無限エンジンも、今年はJUDDよりもはるかにパワフル&タフであることが実証されました。タイヤもより高性能なものを使えるようになるでしょう。ドライバー達も、今年までの経験からますますコースを熟知してきました。エンジニアリングは童夢が総力体制で臨みます。それでもダメだった場合は、「ルマンは永遠さ!」とでも言っておきましょう。

  参加チーム   JIM GAINER  
  チーム代表者   田中 慶治(JIM GAINER代表取締役)  
  チーム総監督   伊達 鷹彦(JIM GAINER取締役)  
         
  チーム監督   佐々木 正(童夢 取締役)  
  テクニカルディレクター   奥 明栄(童夢 取締役)  
  チーフエンジニア   湯地 浩志(童夢)  
  チーフメカニック   未定  
  スポンサー   未定  
  ドライバー   道上 龍 他2名  
  車両   童夢S101-Hb  
  エンジン   無限MF-408S  


童夢S101-Hb
2001年に発表した基本モデルの童夢S101は、AUDIやBentleyの様に自動車メーカーが莫大な予算を投じて開発したレーシングカーとは異なり、ルマン24時間レースに限らずFIAスポーツ・カー選手権など他のレースへも出場可能な、価格をFIAの定める上限市販価格内に抑えた市販レーシング・カーですが、その優れた空力性能とハンドリング特性によりデビュー・イヤーよりメーカー・チームとトップ争いを繰り広げました。参戦初年度の2001年から今年までの4年間、ルマンに於いて常に最高速度を記録し続け、公式予選では常にトップ6に入る活躍をしていますが、結果的には、膨大な予算と物量に勝るメーカー・チームの後塵を浴び、昨年の6位入賞が現在迄の最高成績となっています。
しかし、FIA選手権に於いては、2001年の参戦初年度から数々のポール・ポジションや優勝を記録し、FIA選手権が終了する2003年まで、レーシング・フォー・ホランドの活躍により2年連続チャンピオンに輝いています。

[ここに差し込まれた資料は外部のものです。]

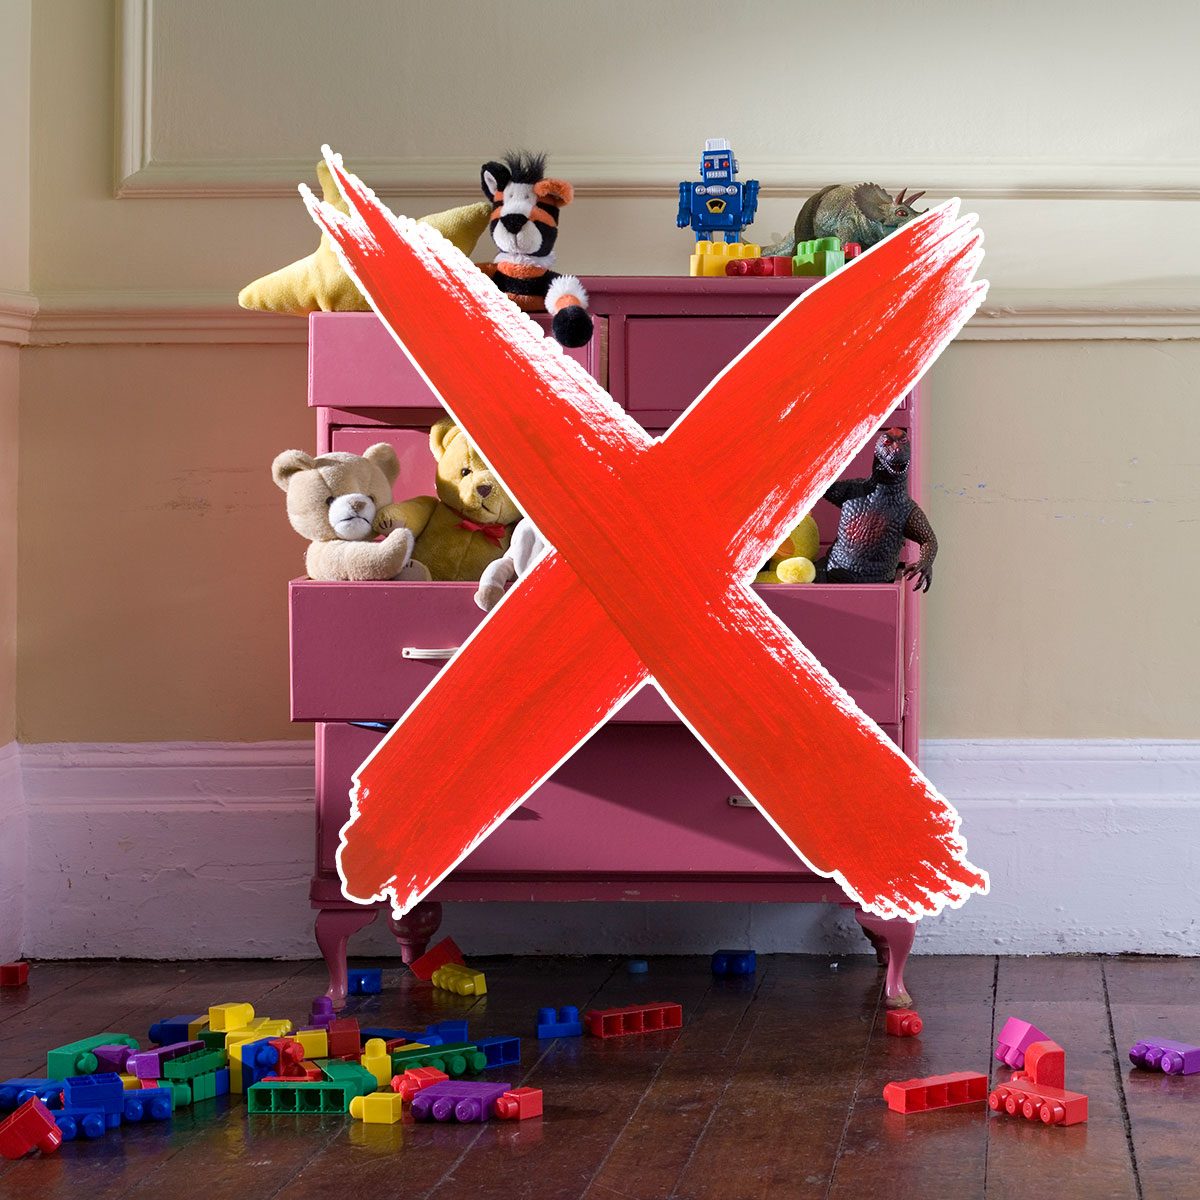 Dresser filled with toys and a red "x" over it

今年、2004年からはFIAとACOの技術規則が一本化され、車両のレギュレーションも刷新されました。そして現在ルマン24時間レースに参加が認められるLMP1車両として3つのタイプが存在します。2004年・LMP1車両規則(ニューレギュレーション)に準ずる車両。2003年・LMP900及びLMP675車両規則に準じた車両(2003年車両そのまま)に下記のようなハンディキャップを科した車両。2003年・LMP900及びLMP675車両規則に準じた車両に、一定の改造を施すことによってハンディキャップを免除されるハイブリッド車両の3種類です。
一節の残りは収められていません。